Well, we have been busy fertilizing and adding Bloodmeal to the
soil to help with the yellowing of the squash and tomato plants and it is
working!! There were squash plants that looked like crookneck-a very yellow
summer squash-and they didn't have any squash on them!! But they have improved
in the green color they should be and we're hoping this trend continues.
I have re-watched some of the Back to Eden videos online and am very
encouraged to hear Paul Gautschi talk about early "problems" and how
he combated them. Were this simply my home vegetable garden the problems
I am having would not be quite so frightening, however, we sell weekly boxes of
vegetables and I must find answers quickly or possibly loose some of my
customers.
The fun part is learning how to use a new
type of gardening that not only lessens the work that goes into growing the
vegetables, but conserves water (we are on a well-and they are frightfully
expensive to drill if you run it dry!) and does not take tilling. When
you till the ground, you may lose what little good soil you have, by covering
it with the chips, you add to what you already have -it just takes time!
I grow in raised beds as well and they
have proven to be a real help. Since winter squash takes up so much room in the
Main Garden, I use the beds to grow them. At this time I am limited in
types I can produce adequately and keep it to Acorn and Sweet Meat squash.
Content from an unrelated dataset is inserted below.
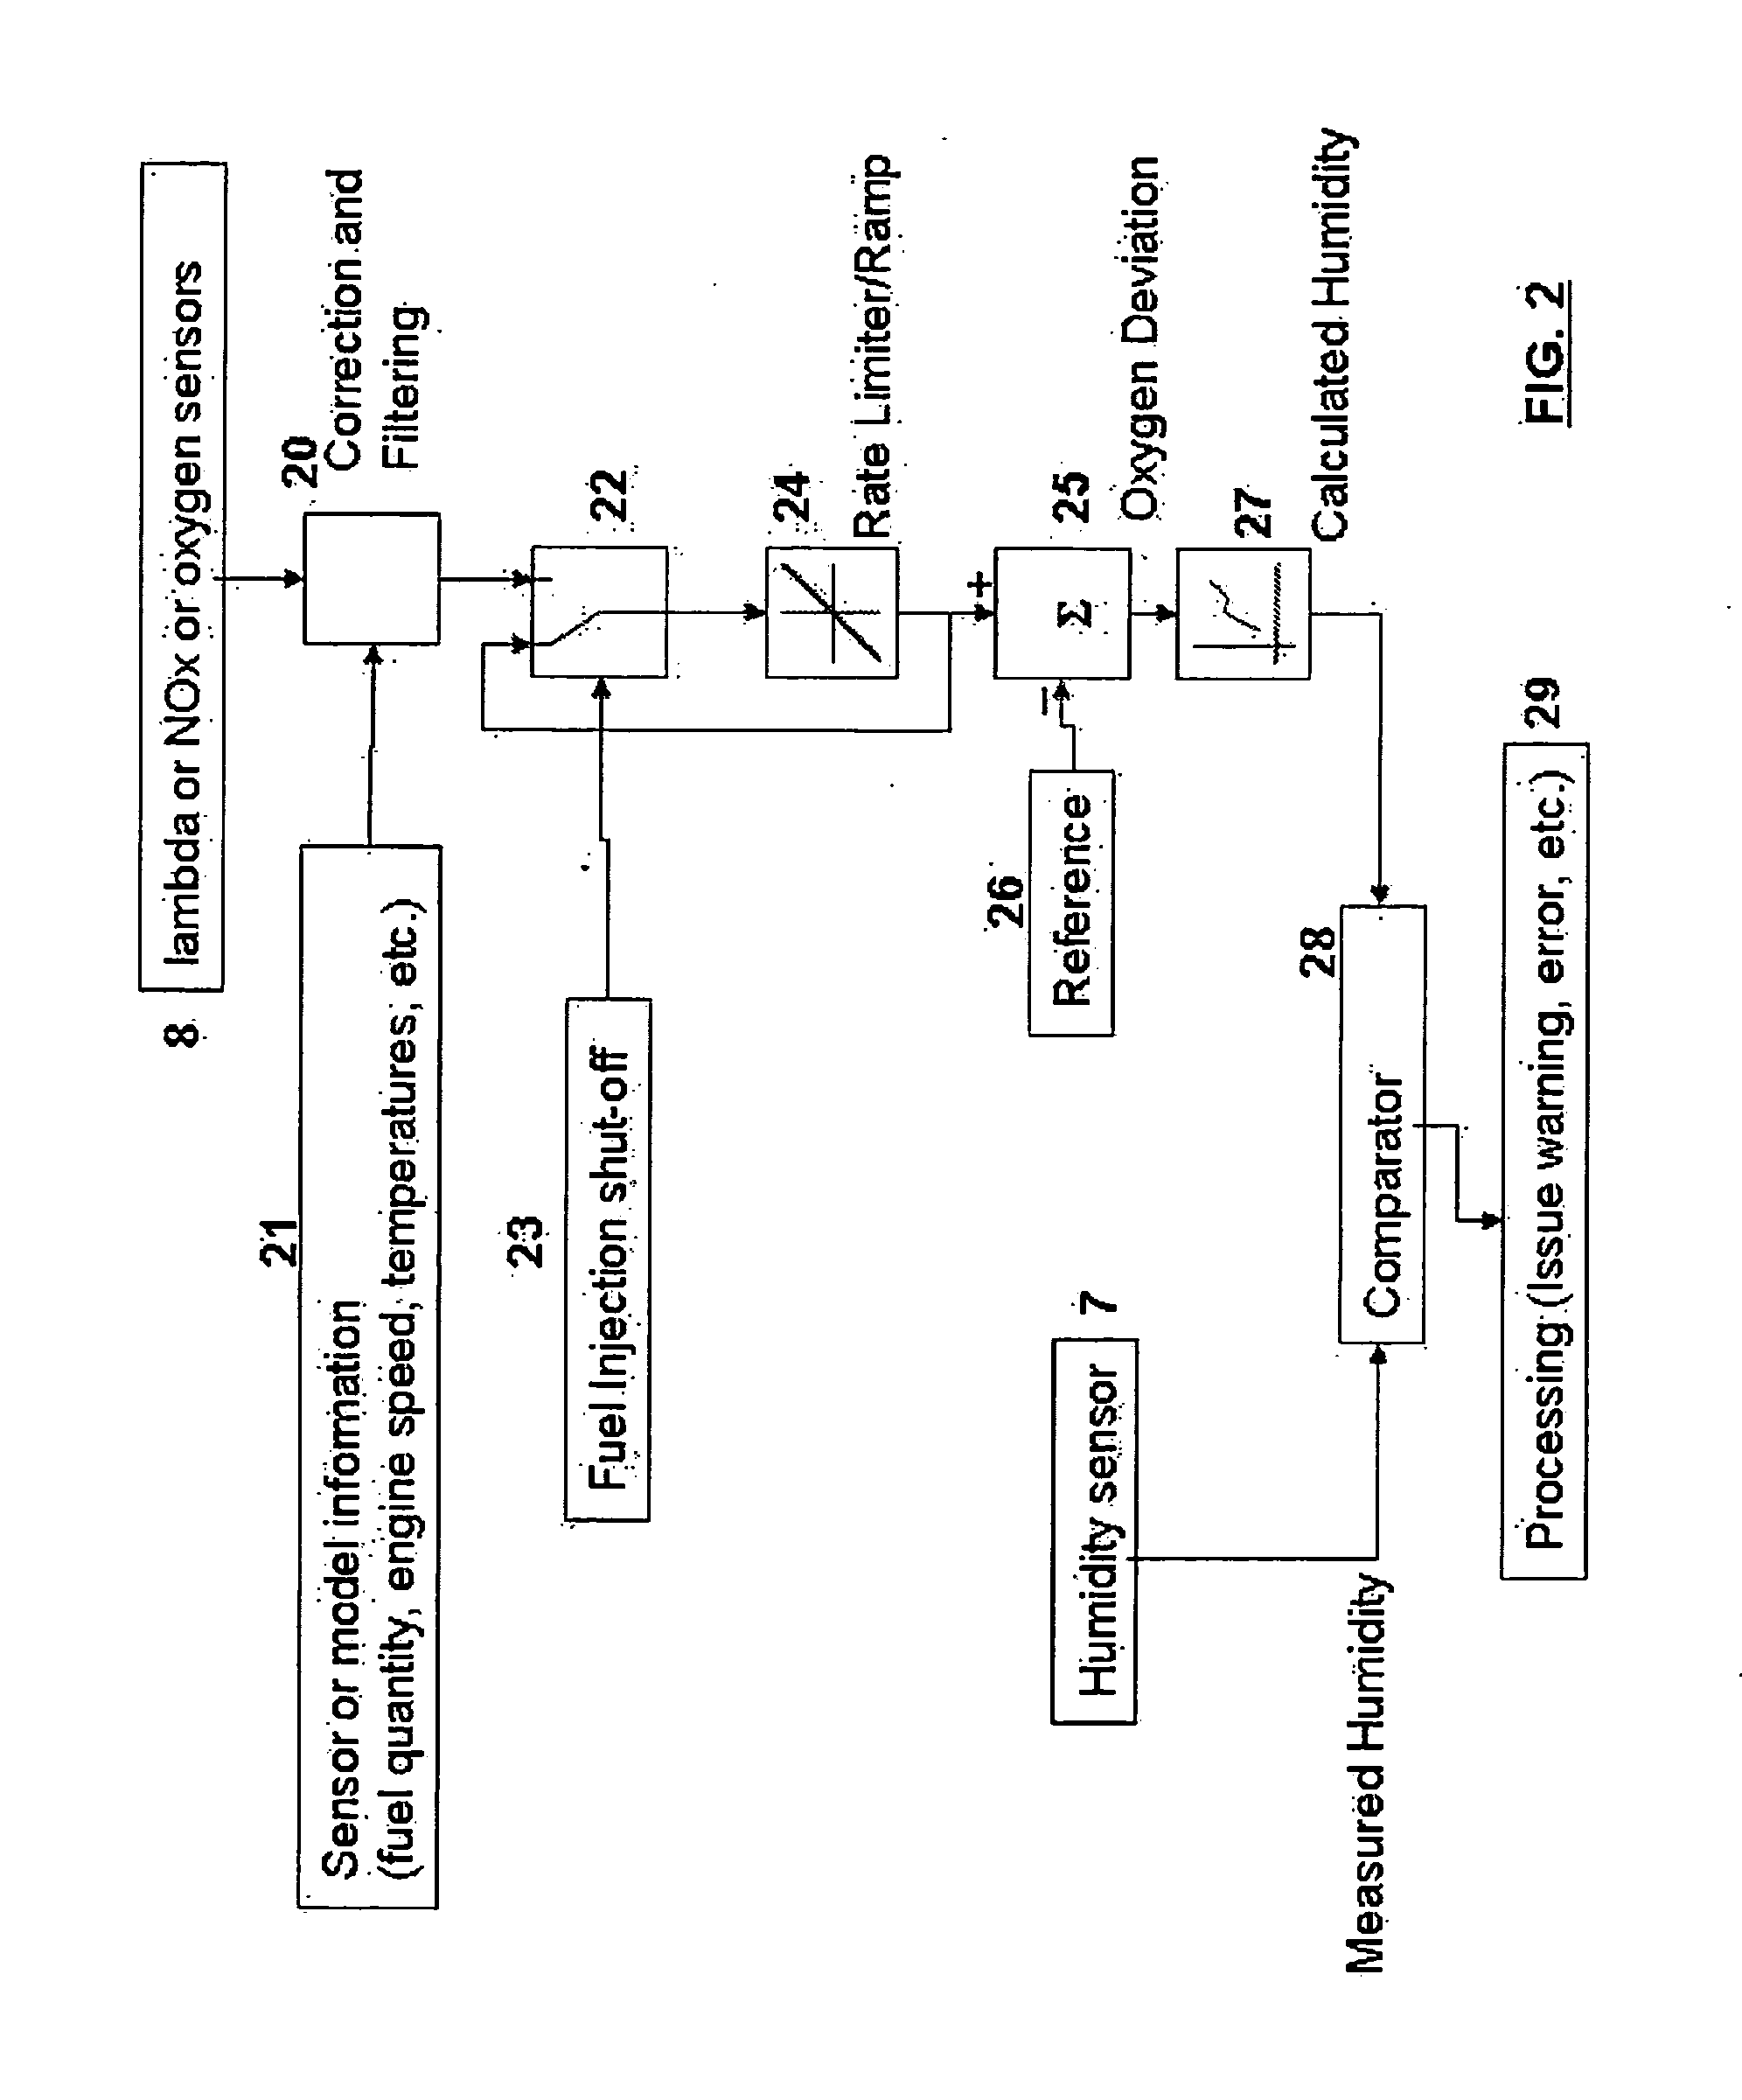 Method and device for monitoring a humidity sensor in a combustion engine, using oxygen measurement of other sensors in the engine, such as nox, lambda and/or oxygen sensors

If you have never had Sweet Meat Squash it's a must try! The outside of
the actual squash look much like a lime green pumpkin that has been dusted with
flour. Last year I had many that weighed between 5 and 20 lbs. A couple
of reasons I like this squash are that you can actually cut it with a knife and
it is ready earlier than Hubbard. The inside is deep orange and is
unbelievably sweet. I cut the squash in half, scoop out the seeds, place
it cut-side down on a cookie sheet with just a small amount of water and roast
it in the oven at 350 Degrees Fahrenheit. Last year I had one that
weighed 19lbs 15 oz and it took close to 2 hours. Most only take about an hour
to an hour and a half. Once a fork will pierce it easily, I scoop out the flesh
and toss the rind into the compost pile. At this point I simply freeze it in
quart bags and pull it out all winter long to heat and enjoy. Don’t add
anything to it until you have tasted it, we use it with no additions. It's absolutely delicious!! Give it a try.